[[ Data shown open ]]

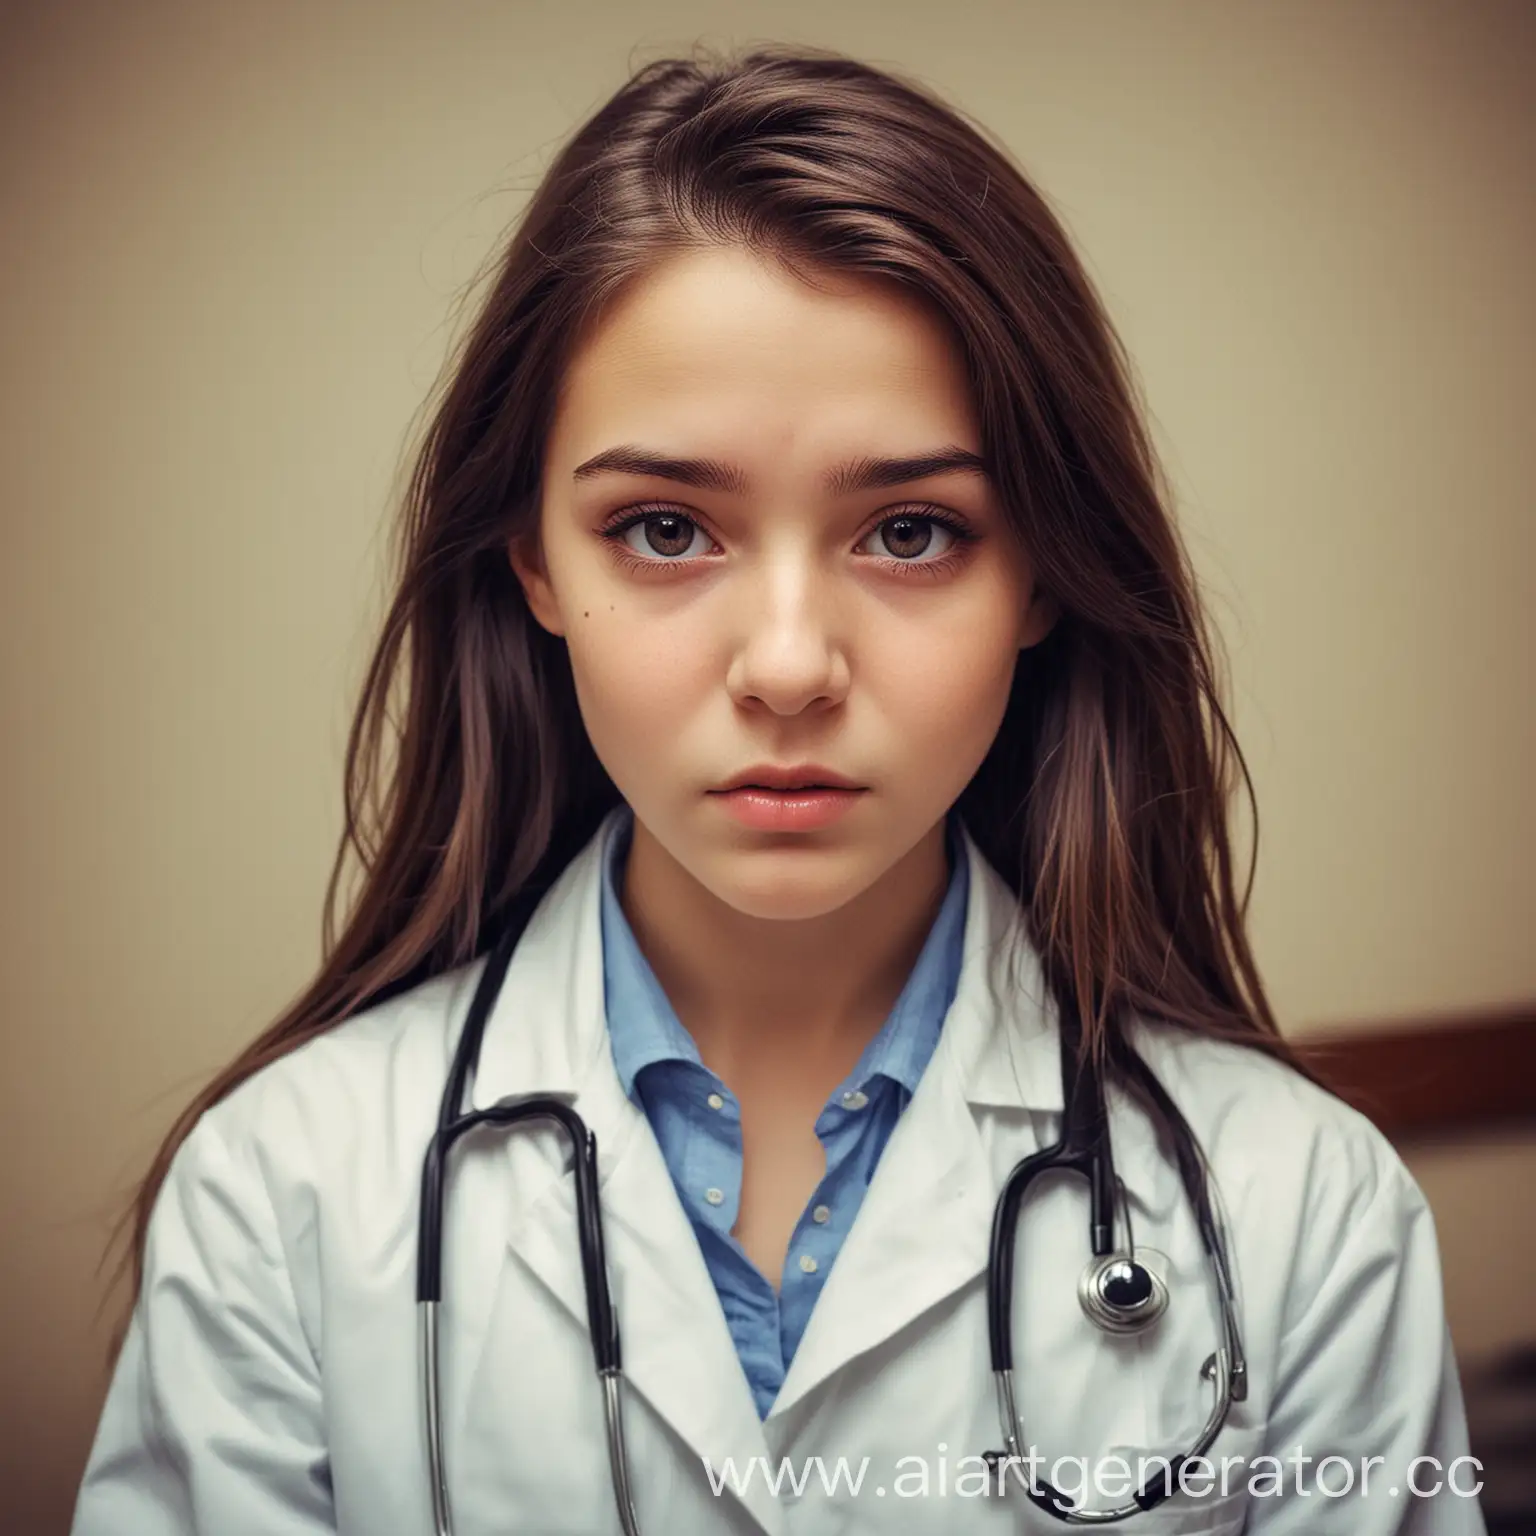 generate a picture of a girl who came to the doctor's appointment with weakness
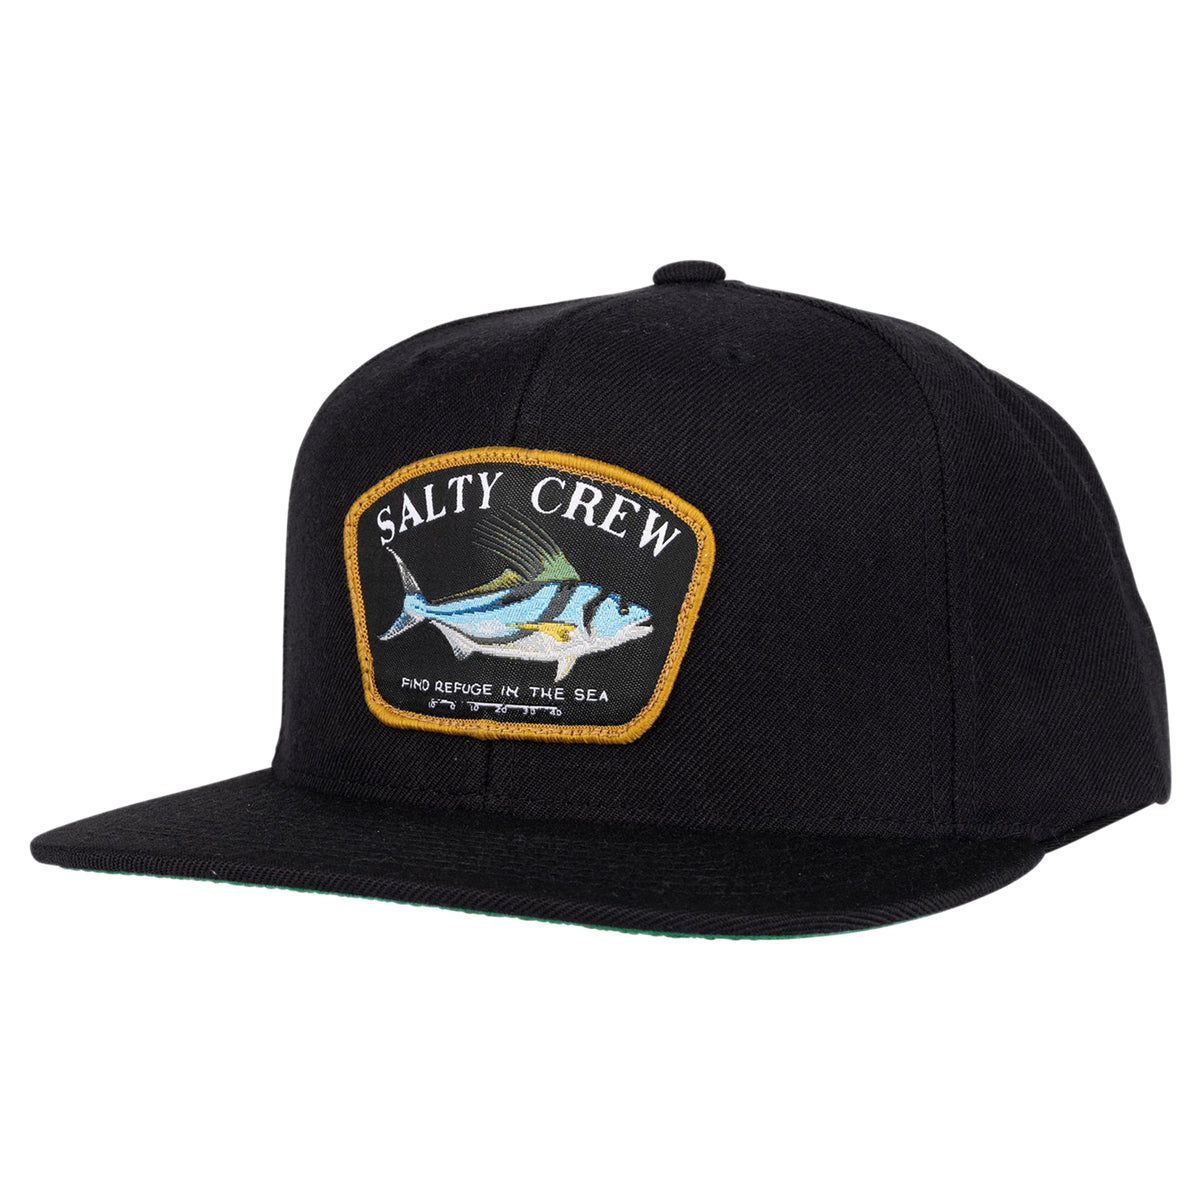 Salty Crew Rooster 6 Panel Hat - Black image 1
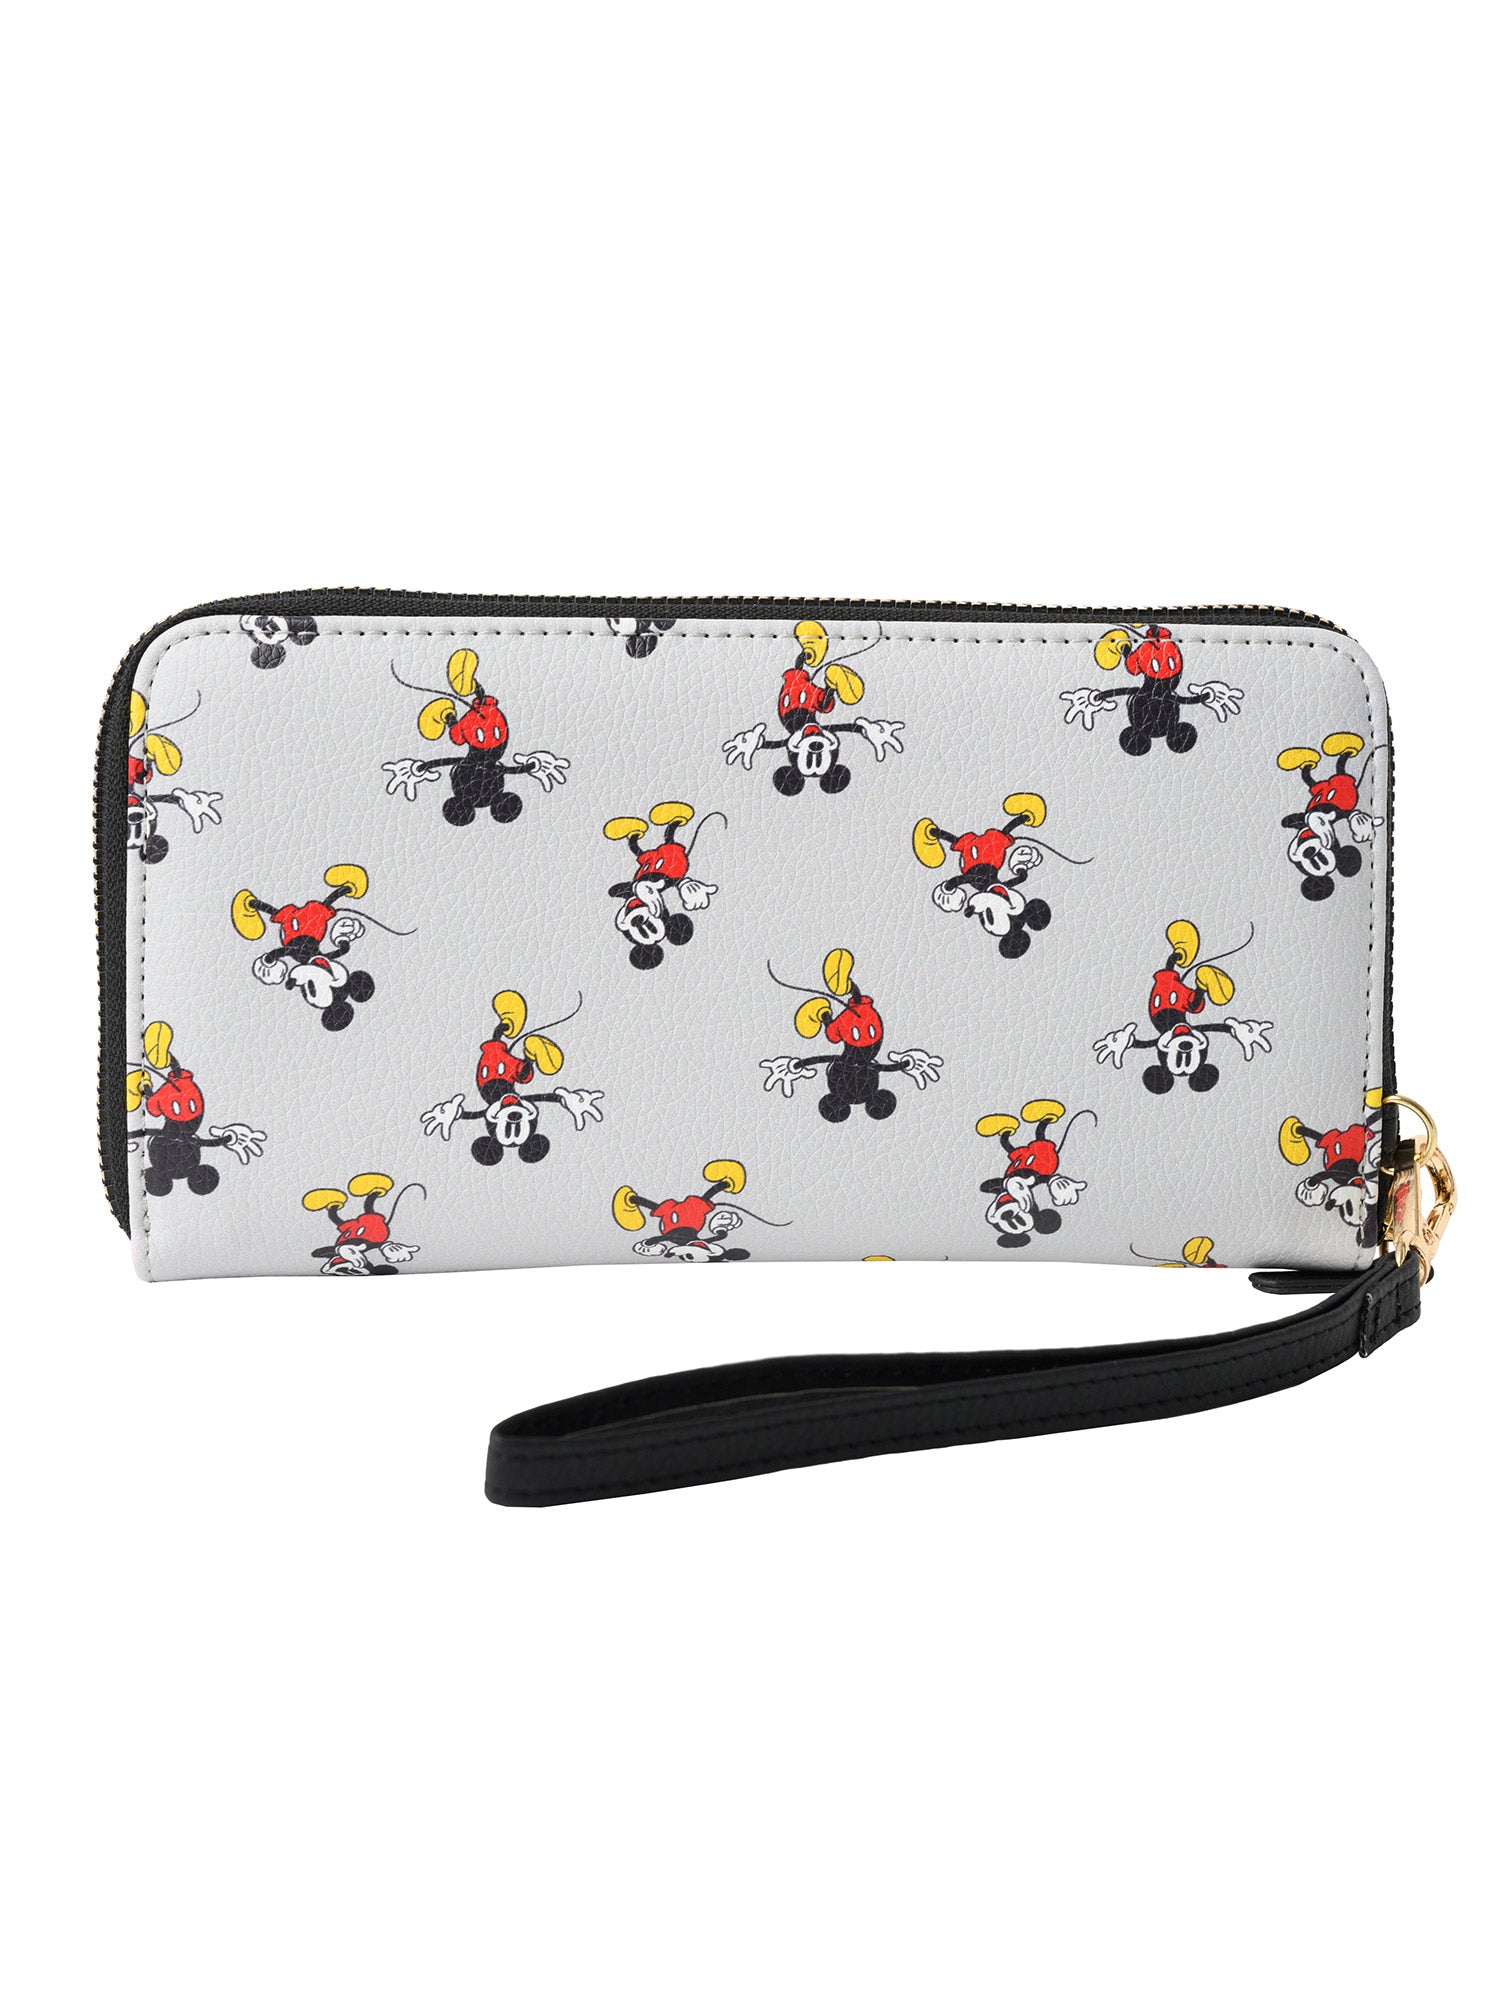 Disney Women's Mickey Mouse Wallet Zip Around Wristlet All-Over Character Print

[[ Data shown closed ]]

● What to produce
The listing above, line by line: print it exactly, but not its pictures.

● Exercise solution
 generate a picture of a girl who came to the doctor's appointment with weakness
 Salty Crew Rooster 6 Panel Hat - Black image 1
 Disney Women's Mickey Mouse Wallet Zip Around Wristlet All-Over Character Print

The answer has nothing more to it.